Workspace Updates は、Gemini のサイドパネルを使うには Smart features and personalization が必要だと案内している。Google の管理者ヘルプでは、Google Workspace の smart features をオンにすると、Workspace 内のコンテンツとアクティビティを使って横断的な機能を提供できると説明している。日本、EEA、スイス、英国では既定値が他地域と異なる点にも注意が必要である。

管理者は、Forms の画面だけを見ても十分ではない。Drive の共有、教材フォルダの権限、PDFの版管理、DLP、回答データの保存先、教育部門や人事部門のオーナー権限を合わせて見る必要がある。たとえば、全社員が見られる研修PDFだけを参照させる運用と、人事評価資料や顧客別提案書まで参照できる運用では、リスクがまったく違う。

また、Google Meet AI議事録の既定オン と同じく、プランごとの既定値や利用者体験の変化を管理者が先に把握しておきたい。Gemini 機能は便利なため、利用者は「使えるなら使ってよい」と受け取りやすい。管理者側が、どの研修に使えるのか、どの資料は参照禁止なのか、生成後に誰が承認するのかを示さないと、現場ごとの判断にばらける。

日本企業での初期導入手順

最初の30日は、全社展開ではなく、低リスクな研修から始めるのが現実的だ。候補は、公開済み製品FAQ、社内ツールの基本操作、一般的なセキュリティ啓発、オンボーディングの確認テストなどである。顧客固有情報、人事評価、法務判断、医療・金融助言、資格認定に直結する内容は、少なくとも初期検証から外すべきだ。

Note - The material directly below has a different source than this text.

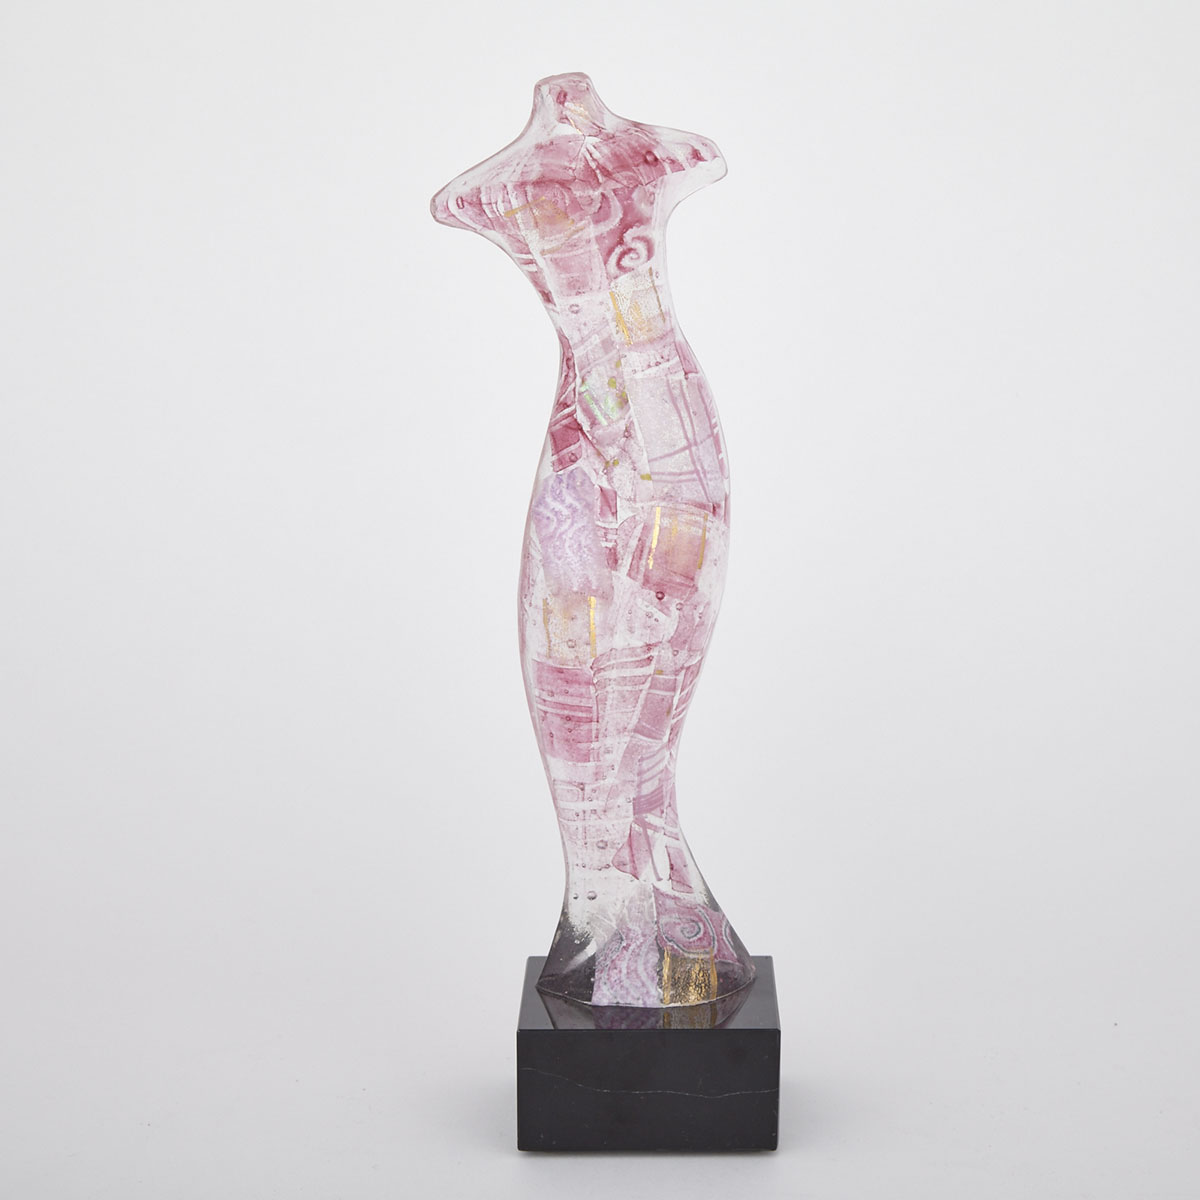 Murano Glass Sculpture of a Nude Female Figure, late 20th century

次に、参照元ファイルを固定する。Gemini に「このDriveフォルダの最新教材だけを使う」と人間が運用で決めても、実際の権限が広いと別資料を参照できてしまう。研修ごとに教材フォルダを分け、最新版だけを置き、古いPDFはアーカイブへ移す。設問生成後は、出題範囲、正答、点数、説明文、公開範囲を人間が確認する。

最後に、回答データの扱いを決める。Forms のクイズは作成だけで終わらない。誰が回答するか、回答結果を誰が見るか、スプレッドシートへ出すか、保存期間をどうするか、未受講者へ督促するかまで運用が続く。生成AIで作成が速くなるほど、配布と集計も増えやすい。回答データに個人の成績や理解度が含まれるなら、アクセス権と保存期間を明文化すべきである。

まとめ

Google Forms の Gemini クイズ生成は、教育や研修の小さな面倒をかなり減らす更新である。PDFやDrive資料をもとに問題、正答、点数まで初稿化できるなら、研修担当者は作成作業からレビュー作業へ移れる。

一方で、日本企業が見るべき焦点は「簡単にクイズを作れる」ことだけではない。参照元の版管理、Smart features の設定、Drive 権限、正答レビュー、回答データの保存がそろって初めて、安全な研修運用になる。Forms は軽いツールに見えるが、評価や教育に使われると業務記録になる。Google Workspace の Gemini を使うなら、Docs、Slides、Meet と同じく、Forms も Workspace AI ガバナンスの対象に入れるべきだ。